| Dataset |
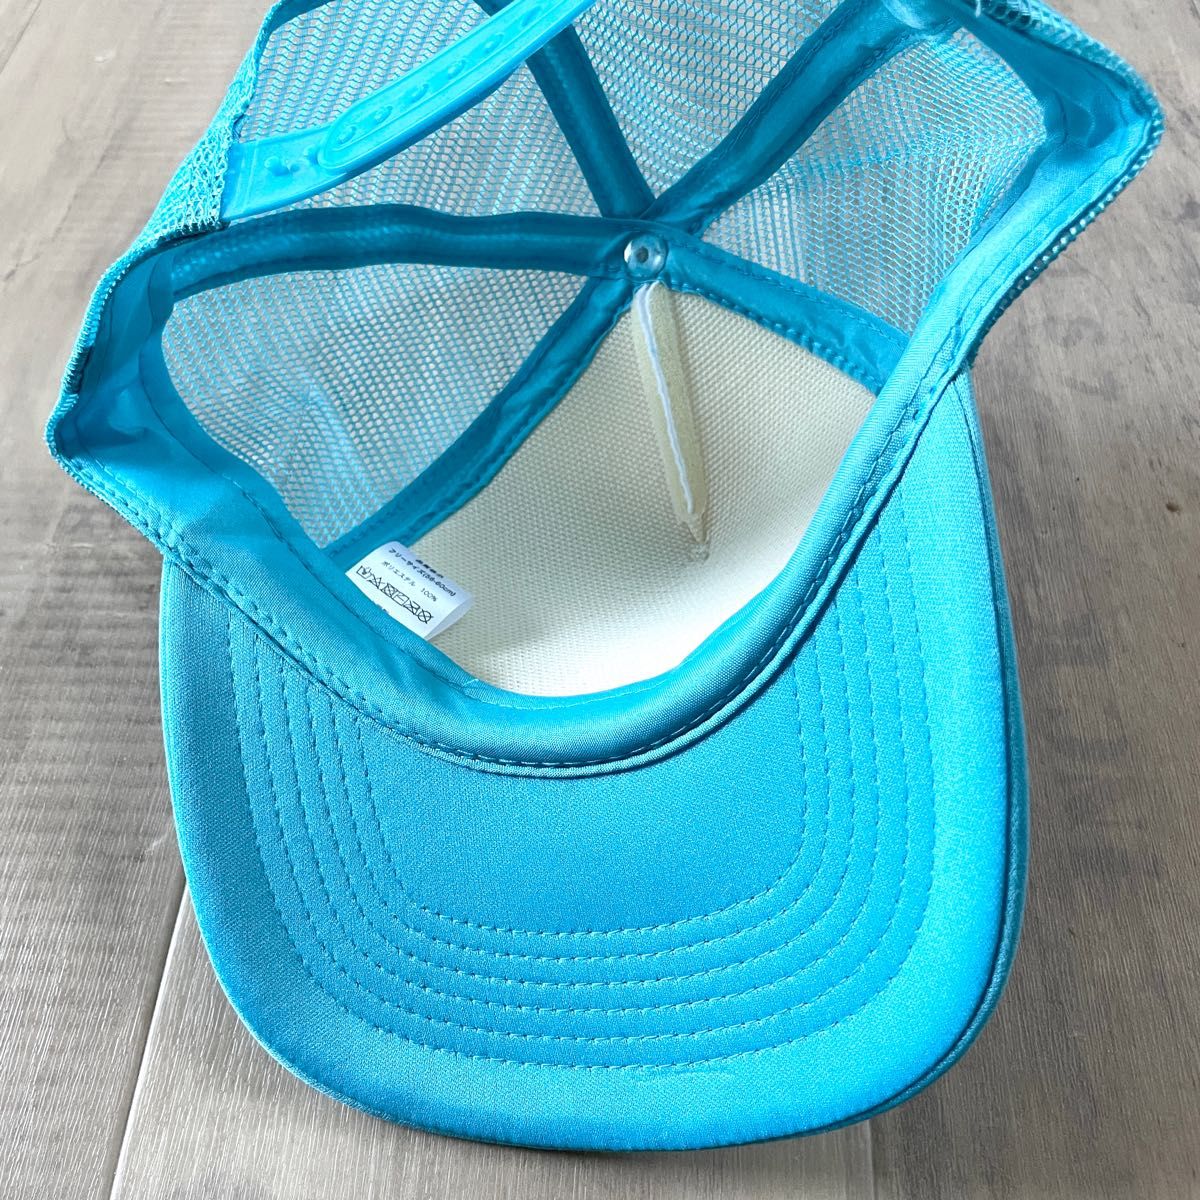 【東京五輪オリンピック2020】メッシュキャップ 帽子 スポーツ カジュアル 記念 コレクション 白×水色 フリーサイズ
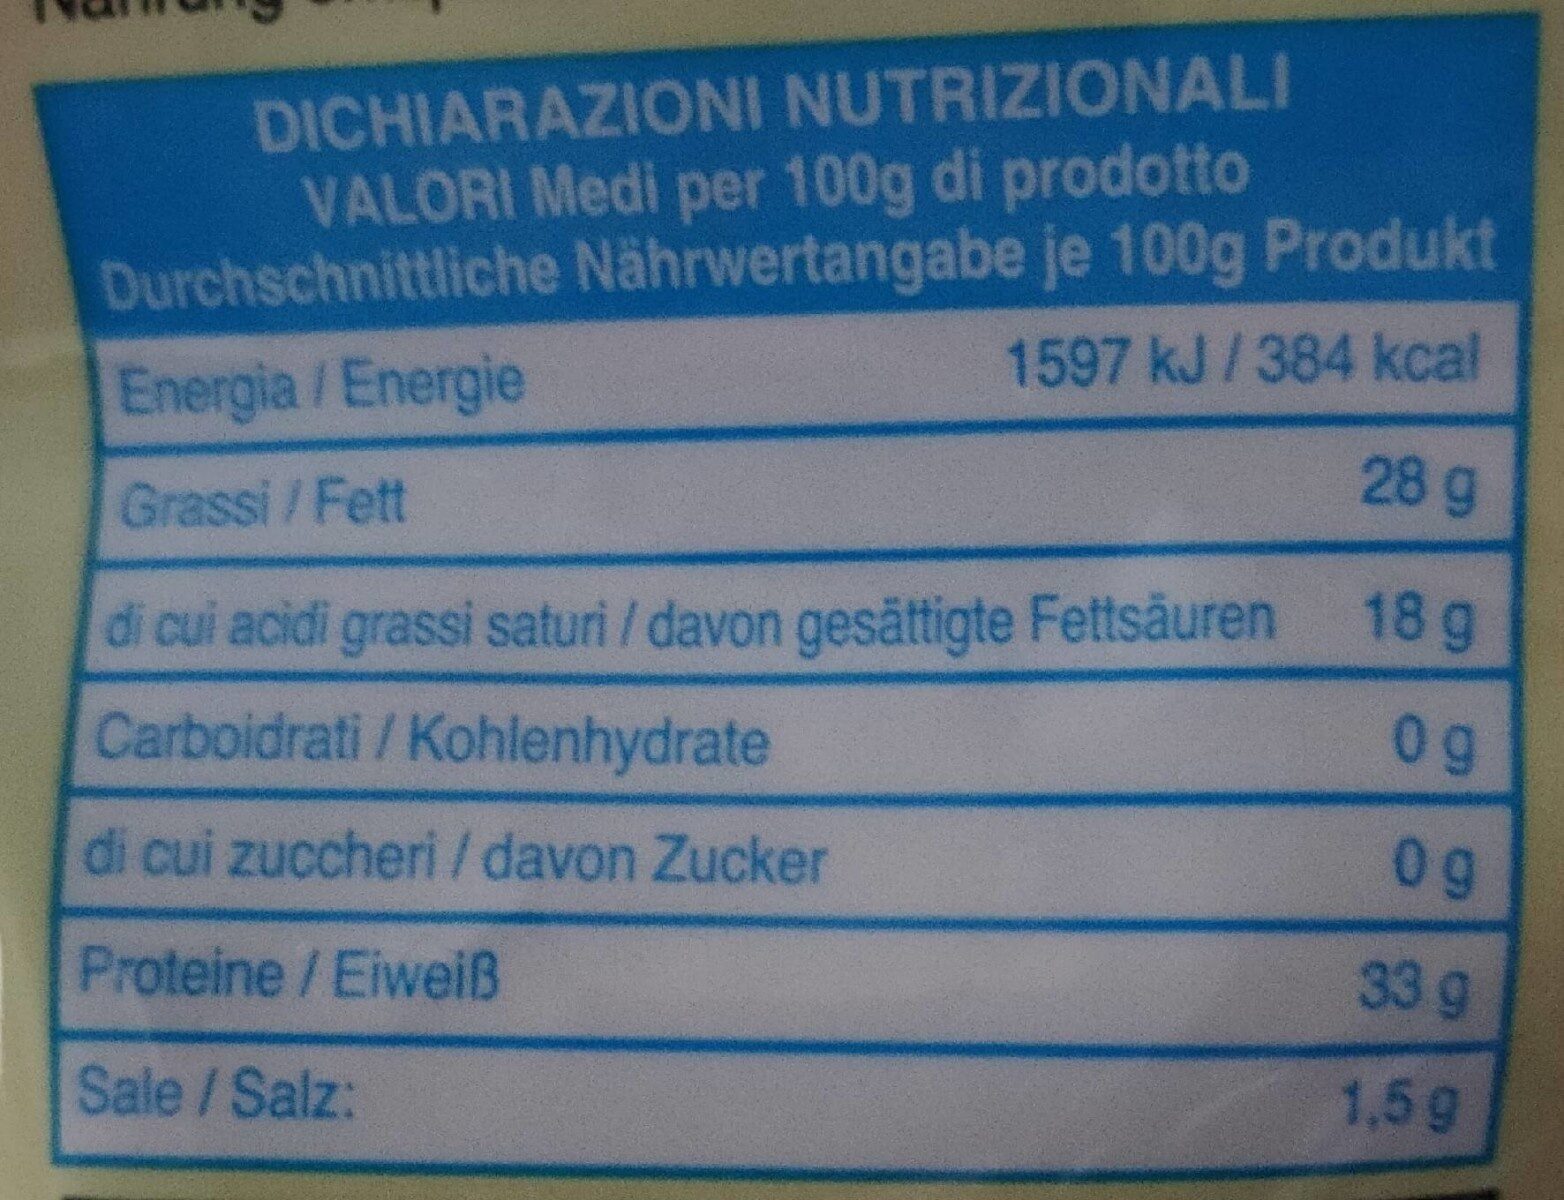 Bocconcini Grana padano - Nutrition facts - it
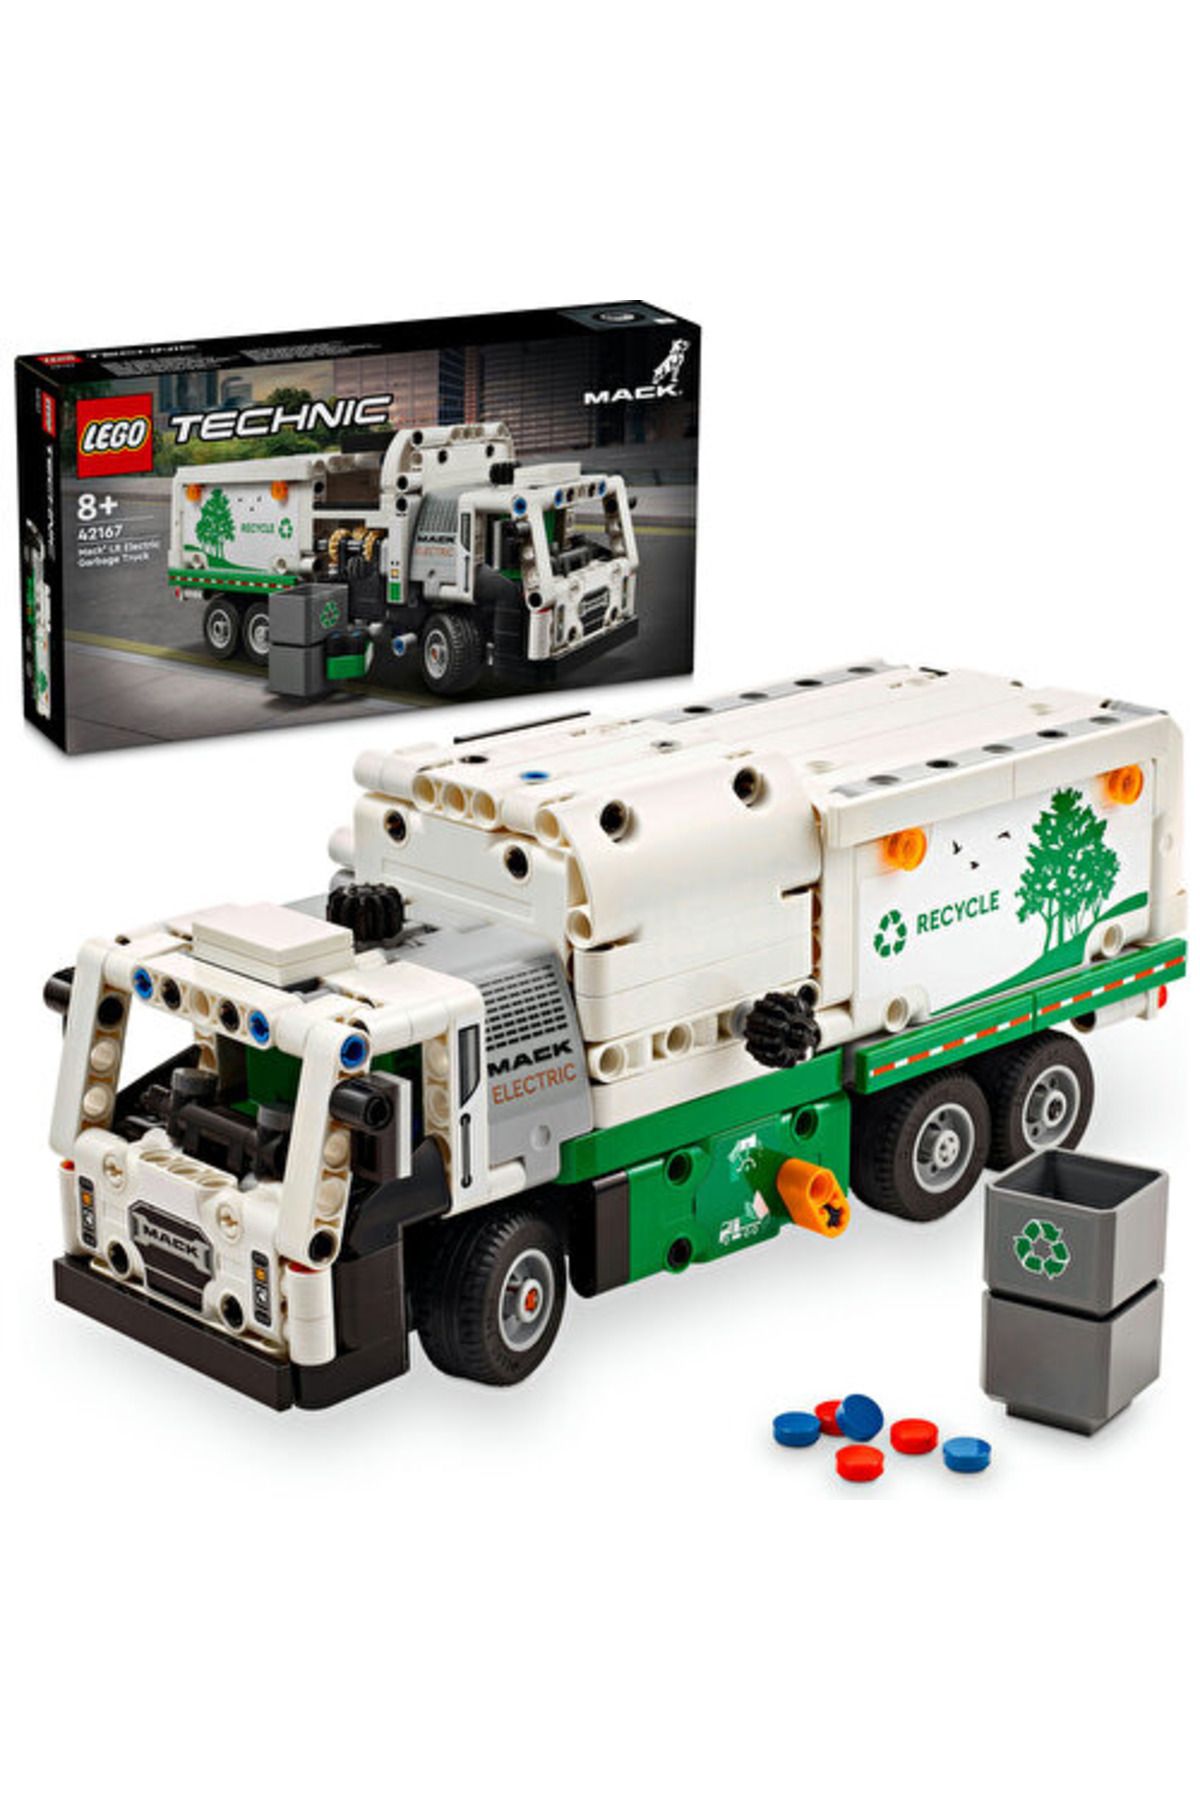 LEGO ® Technic Mack® LR Electric Çöp Kamyonu 42167  - 8 Yaş ve Üzeri İçin Yapım Seti (503 Parça)
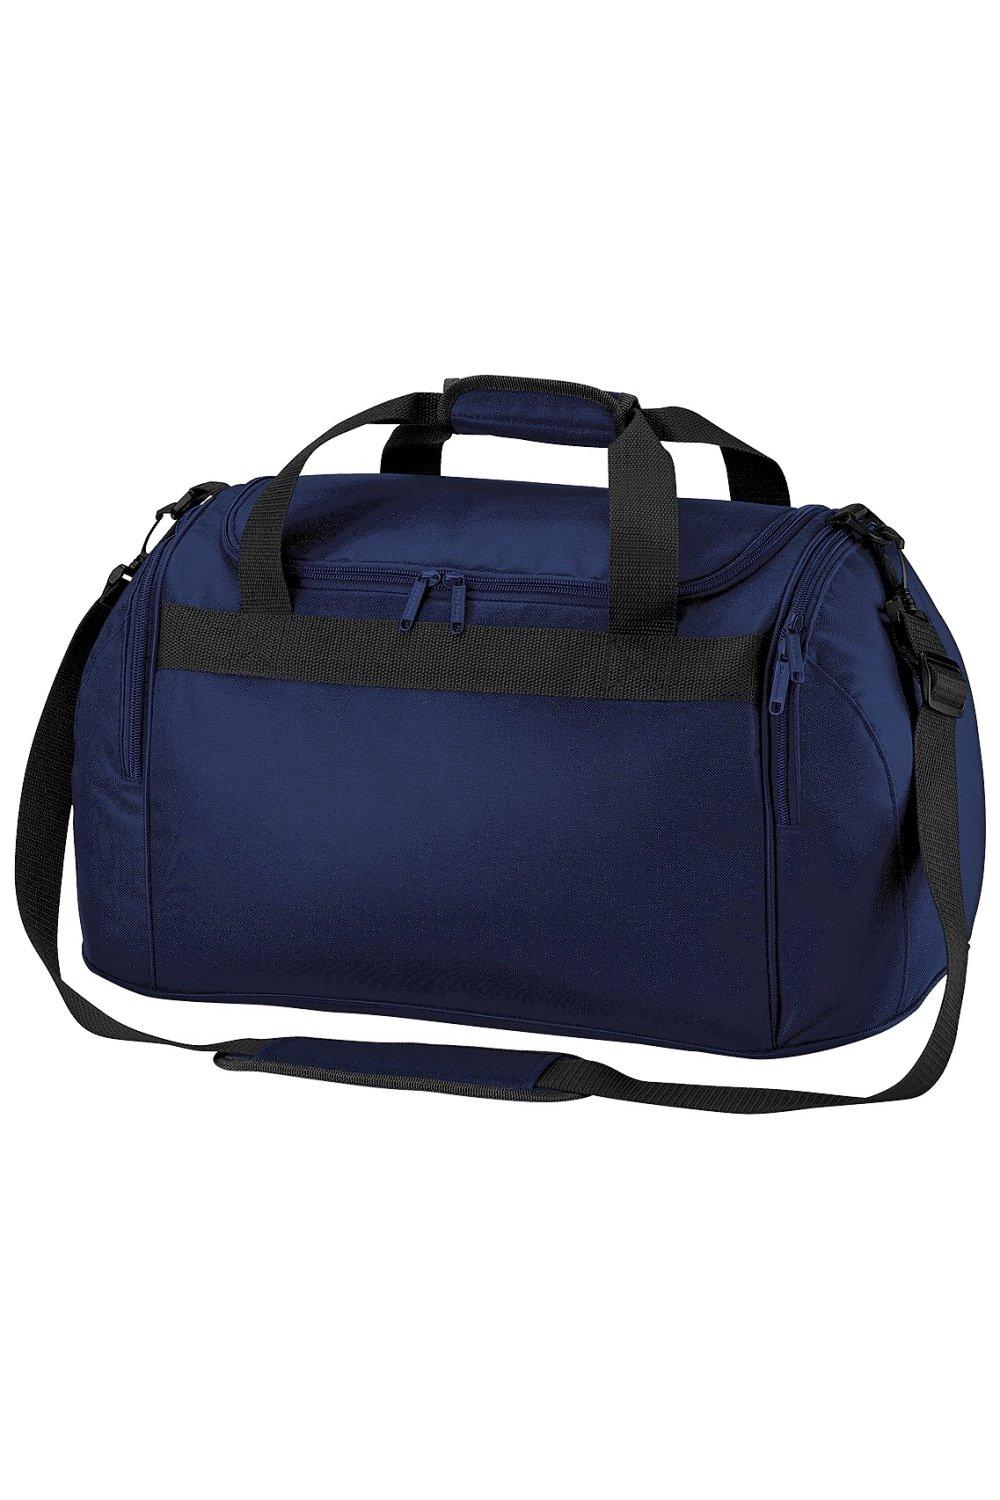 Дорожная сумка для фристайла/спортивная сумка (26 литров) Bagbase, темно-синий пакет котики большой 38 5 x 28 x 15 см
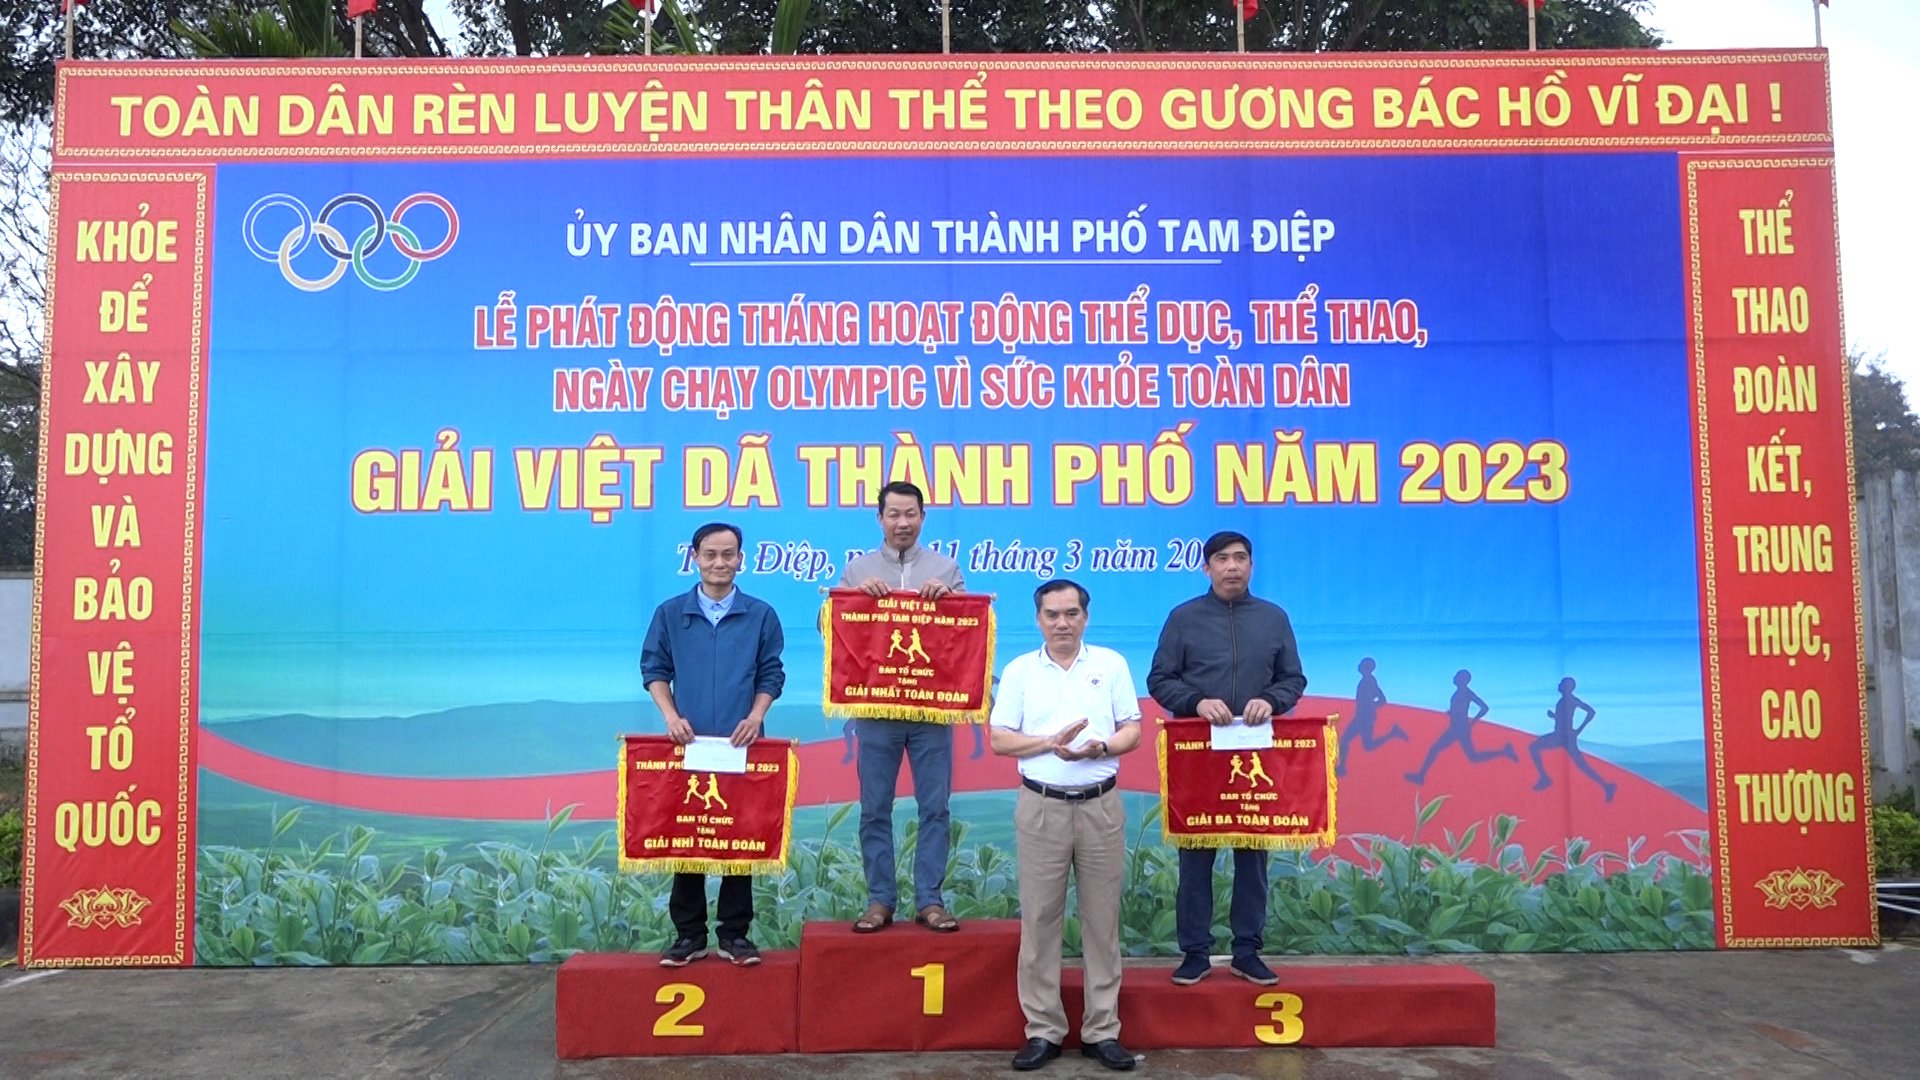 Đội tuyển Việt dã phường Bắc Sơn tham gia giải Việt dã thành phố Tam Điệp năm 2023

| What the task requires |
What the answer must hold is the exact text of every line from the one containing "Дорожная сумка для" through the end of the data, minus any pictures.

| Result for this exercise |
 Дорожная сумка для фристайла/спортивная сумка (26 литров) Bagbase, темно-синий пакет котики большой 38 5 x 28 x 15 см
 Đội tuyển Việt dã phường Bắc Sơn tham gia giải Việt dã thành phố Tam Điệp năm 2023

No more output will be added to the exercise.